Unfortunately, it made no difference--the first execution was
about 1 m 15 sec, and one immediately thereafter was about 3.5 sec,
as before. The EXPLAIN shows:

mysql> EXPLAIN SELECT cg.cw FROM cg,q,cit,sref
    -> WHERE cg.q_id = q.id AND q.cit_id = cit.id AND cit.sref_id = sref.id
    -> AND cg.cw LIKE 't%'
    -> AND sref.cd > DATE_SUB(CURDATE(), INTERVAL 6 MONTH)
    -> ORDER BY cg.cw
    -> LIMIT 1000,10;
+-------+--------+-----------------+---------+---------+-------------+--------+-------------+
| table | type   | possible_keys   | key     | key_len | ref         | rows   | Extra     
 |
+-------+--------+-----------------+---------+---------+-------------+--------+-------------+
| cg    | range  | q_id,cw,q_id_2  | cw      |     101 | NULL        | 190550 | Using
where |
| q     | eq_ref | PRIMARY,cit_id  | PRIMARY |       4 | cg.q_id     |      1 |           
 |
| cit   | eq_ref | PRIMARY,sref_id | PRIMARY |       4 | q.cit_id    |      1 |           
 |
| sref  | eq_ref | PRIMARY,cd      | PRIMARY |       4 | cit.sref_id |      1 | Using
where |
+-------+--------+-----------------+---------+---------+-------------+--------+-------------+

> The point here is that now you are doing a join and you are using both
> columns to qualify the resultset. So we should use a composite index
> rather than have individual ones (of which MySQL will choose only one).

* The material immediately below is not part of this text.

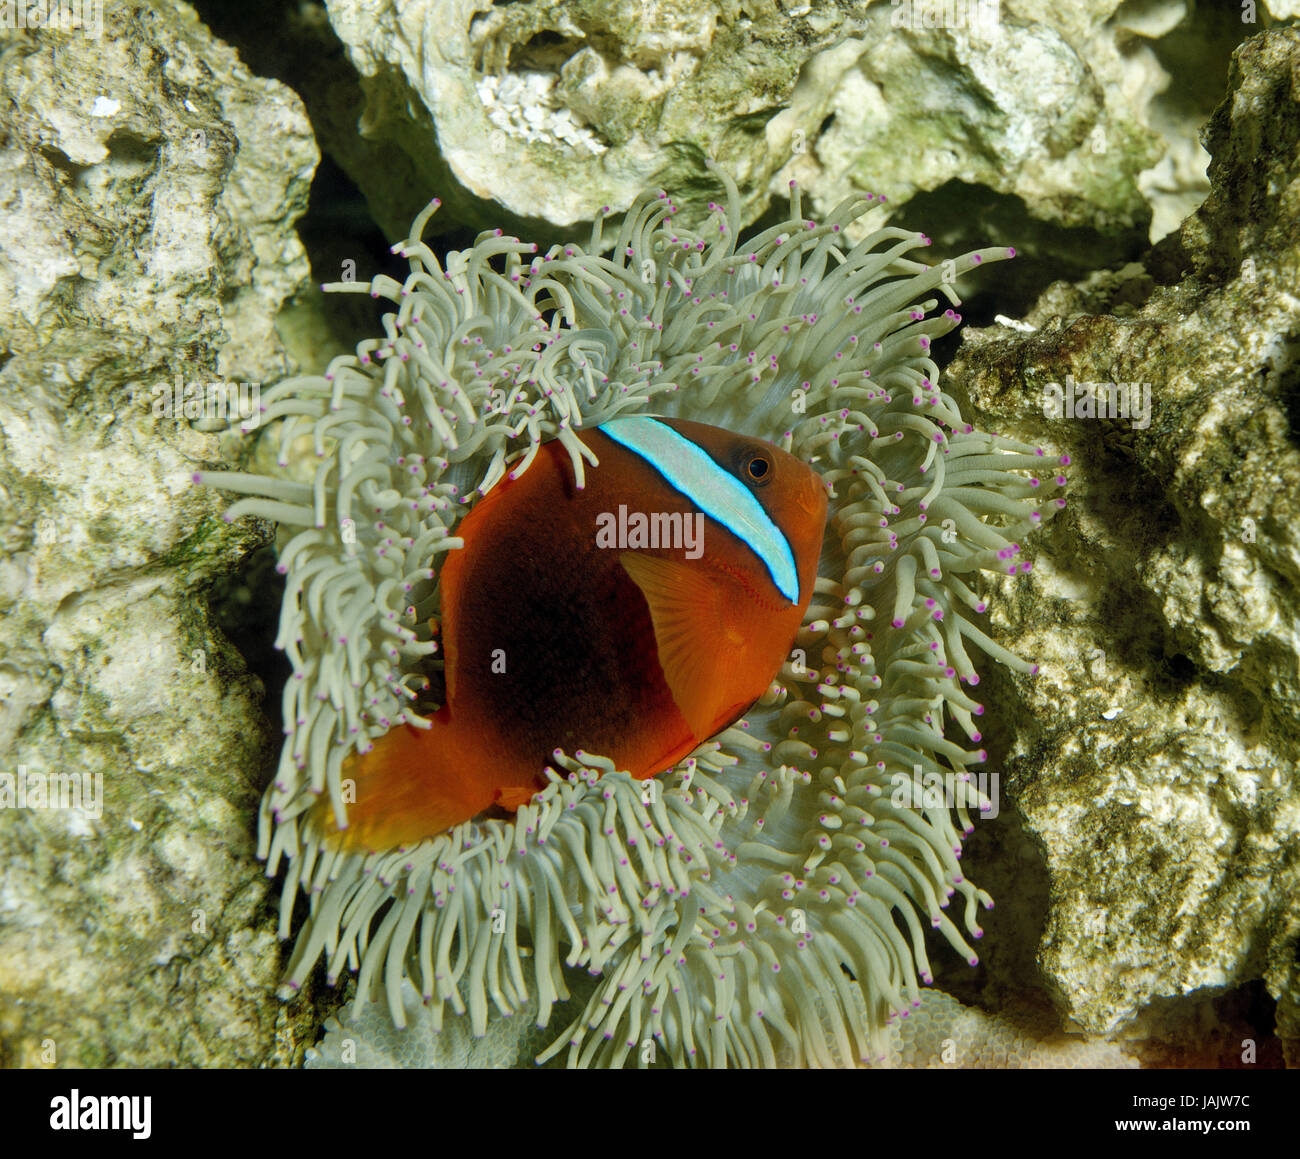 Red anemone fish,Amphiprion frenatus,sea anemone, Stock Photo

What does this mean for regular searching? In most cases, there will be
some criteria entered that need to be searched on, and the id fields 
will also be needed for the joins. For example, in the database, one
might want to search based on cg.exp (fulltext), sref.rdr, sref.cd
(the date field), sref.kbd, cit.w, and various other ones I've edited
out of this display to save space, and often a combination of several
of these at once. How should I set up indexes for the potential 
searches that might be executed? 

(I should mention that this is a read-only database; it's built from
a parsed SGML file and is never added to directly, if that's an
issue.)

> Also, you can change line 
> 	AND cg.cw BETWEEN 't' AND 'tzzz'
> To 
> 	AND cg.cw like 't%'
> For better readability (how many zzz's are enough, eh?). Personal
> preference.

No, I agree, and it was originally "LIKE 't%'" and is still like
that in the actual code being generated by the query form. I changed
it to the BETWEEN because in some playing around it seemed to be 
faster this way, and in fact I was worried about having to
generate the 

"BETWEEN \'$val\' AND \'" . $val . "zzzz\'"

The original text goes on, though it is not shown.